A computed tomography-based radiomics prediction model for BRAF mutation status in colorectal cancer.
Authors
Affiliations (3)
Affiliations (3)
- Qinghai University Affiliated Hospital, Xining, China.
- Lanzhou University Second Hospital, Lanzhou, China. [email protected].
- Qinghai University Affiliated Hospital, Xining, China. [email protected].
Abstract
The aim of this study was to develop and validate CT venous phase image-based radiomics to predict BRAF gene mutation status in preoperative colorectal cancer patients. In this study, 301 patients with pathologically confirmed colorectal cancer were retrospectively enrolled, comprising 225 from Centre I (73 mutant and 152 wild-type) and 76 from Centre II (36 mutant and 40 wild-type).

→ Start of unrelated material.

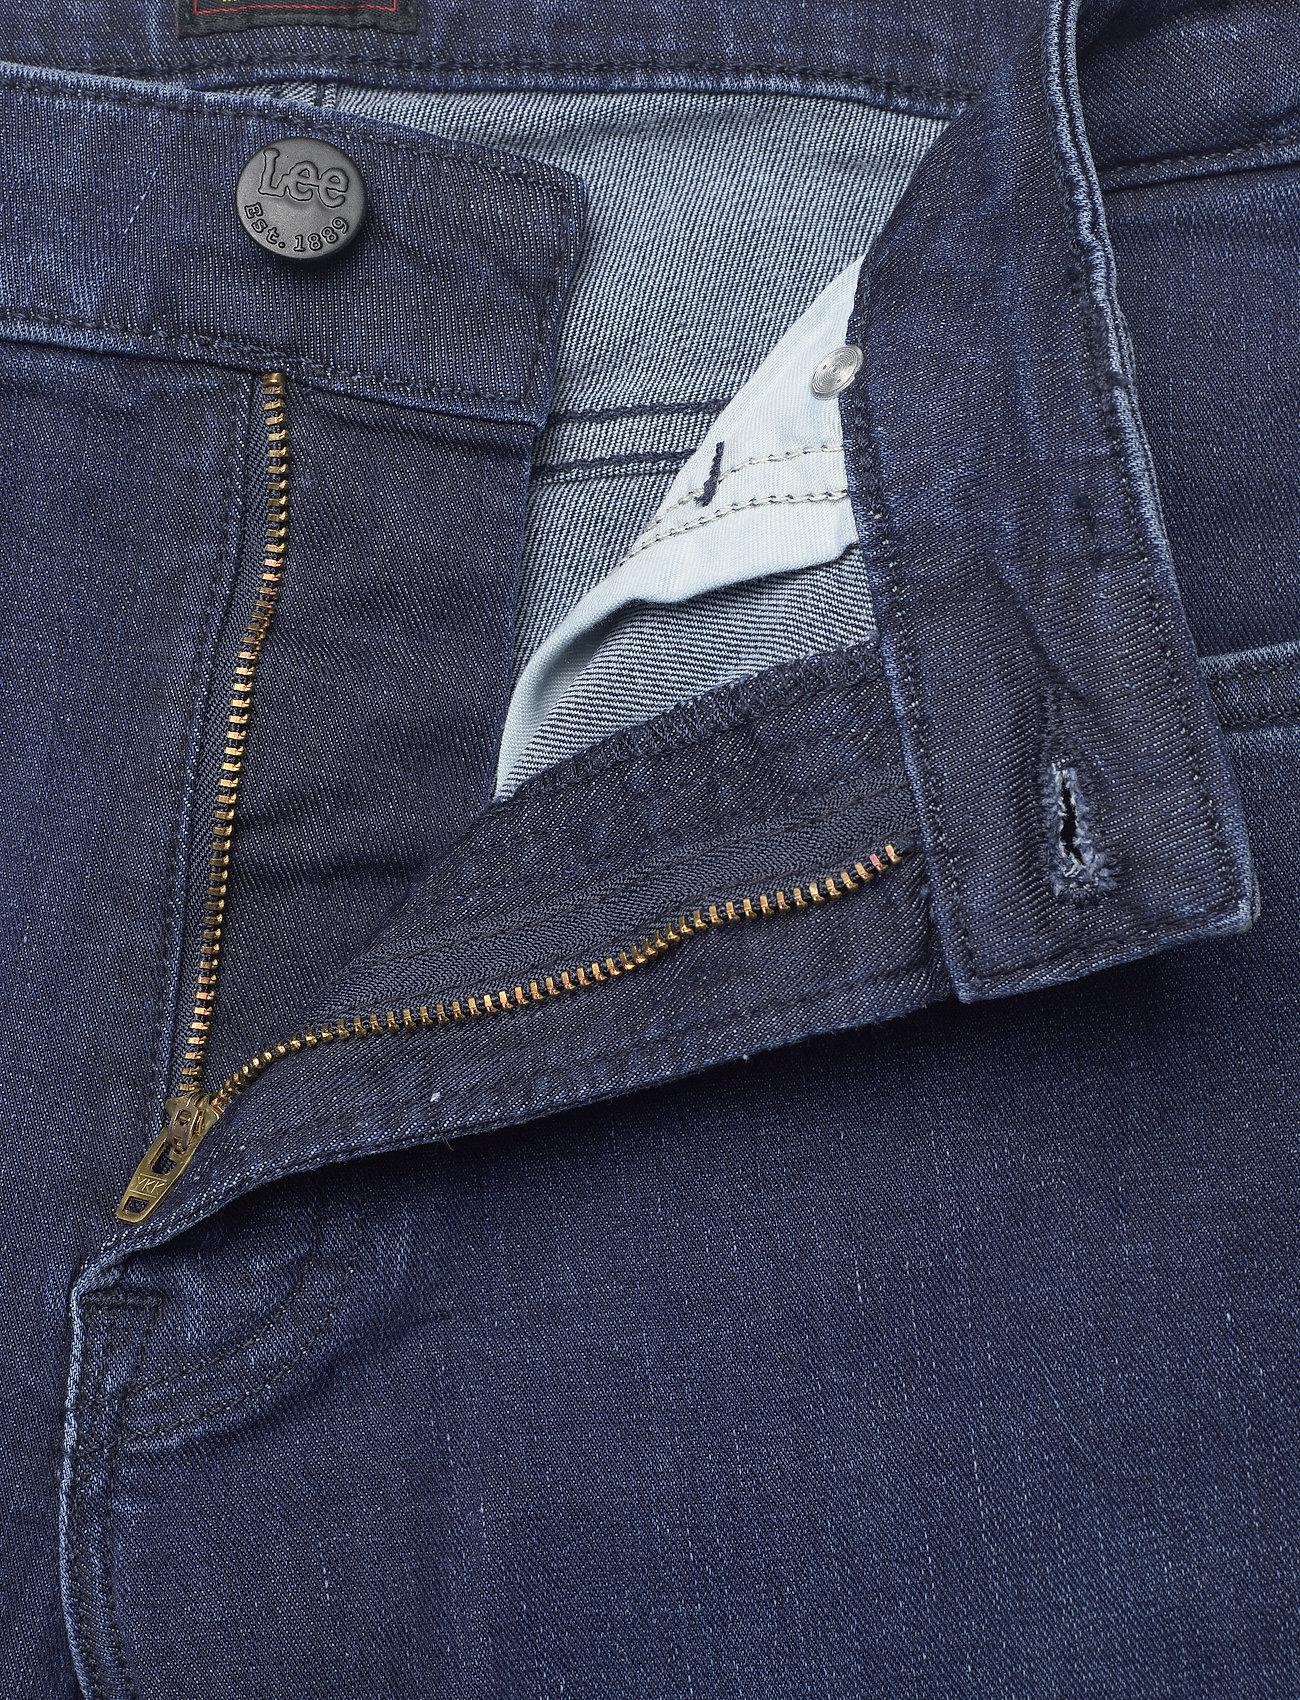 Lee Jeans - MALONE - skinny jeans - dark lonepine - 1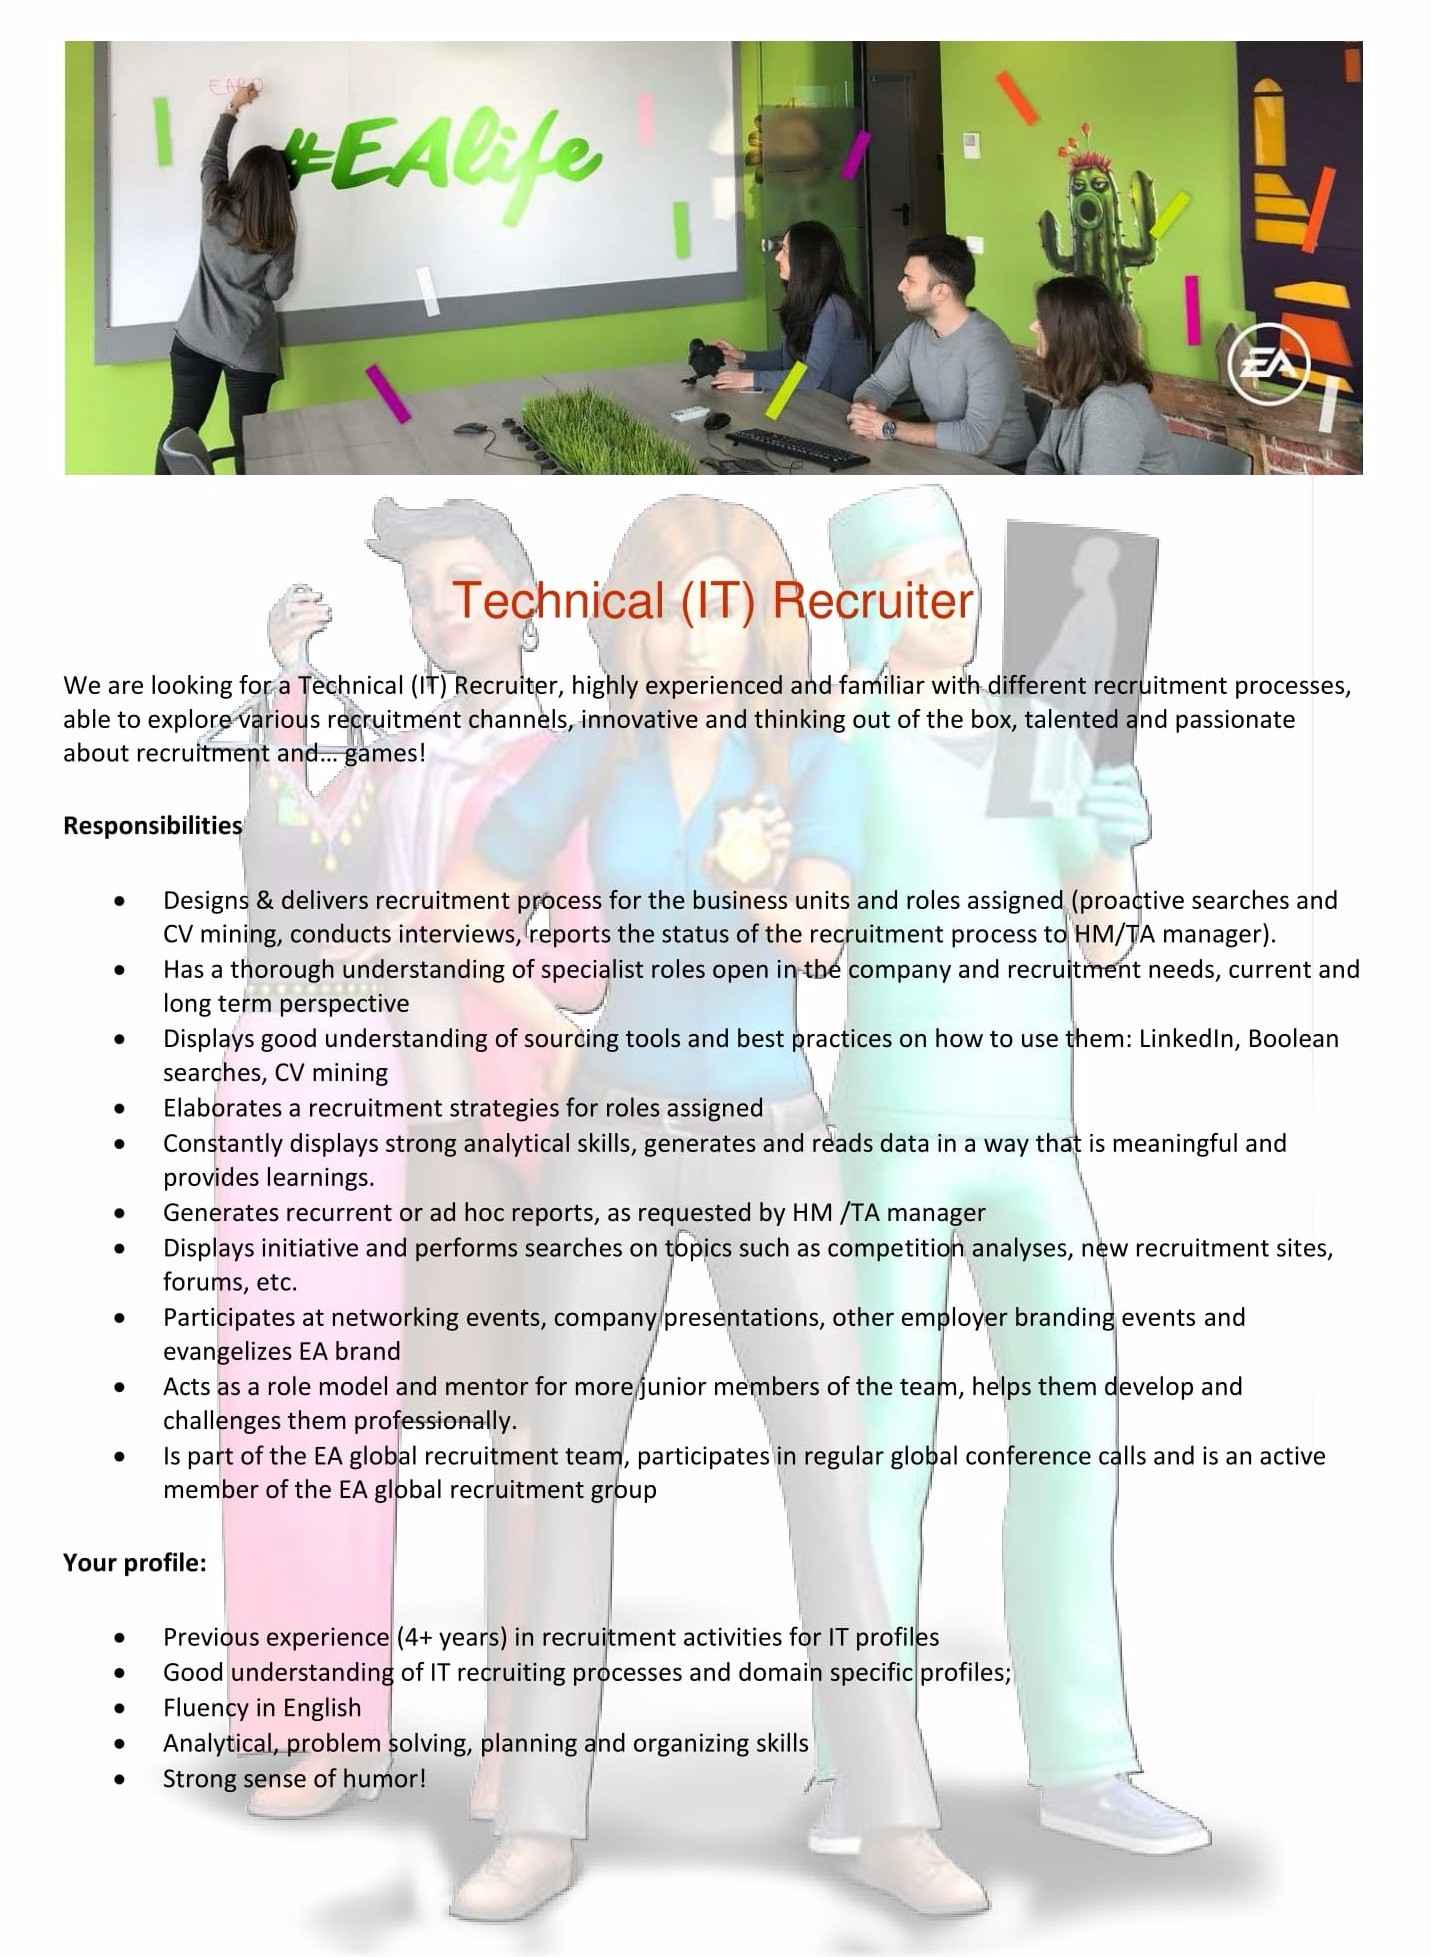 Technical IT Recruiter-1

The Centre I cohort was randomly divided into a training set (n = 158) and an internal validation set (n = 67) in a 7:3 ratio, while Centre II served as an independent external validation set (n = 76). The whole tumor region of interest was segmented, and radiomics characteristics were extracted. To explore whether tumor expansion could improve the performance of the study objectives, the tumor contour was extended by 3 mm in this study. Finally, a t-test, Pearson correlation, and LASSO regression were used to screen out features strongly associated with BRAF mutations. Based on these features, six classifiers-Support Vector Machine (SVM), Decision Tree (DT), Random Forest (RF), Logistic Regression (LR), K-Nearest Neighbors (KNN), and Extreme Gradient Boosting (XGBoost)-were constructed. The model performance and clinical utility were evaluated using receiver operating characteristic (ROC) curves, decision curve analysis, accuracy, sensitivity, and specificity. Gender was an independent predictor of BRAF mutations. The unexpanded RF model, constructed using 11 imaging histologic features, demonstrated the best predictive performance. For the training cohort, it achieved an AUC of 0.814 (95% CI 0.732-0.895), an accuracy of 0.810, and a sensitivity of 0.620. For the internal validation cohort, it achieved an AUC of 0.798 (95% CI 0.690-0.907), an accuracy of 0.761, and a sensitivity of 0.609. For the external validation cohort, it achieved an AUC of 0.737 (95% CI 0.616-0.847), an accuracy of 0.658, and a sensitivity of 0.667. A machine learning model based on CT radiomics can effectively predict BRAF mutations in patients with colorectal cancer. The unexpanded RF model demonstrated optimal predictive performance.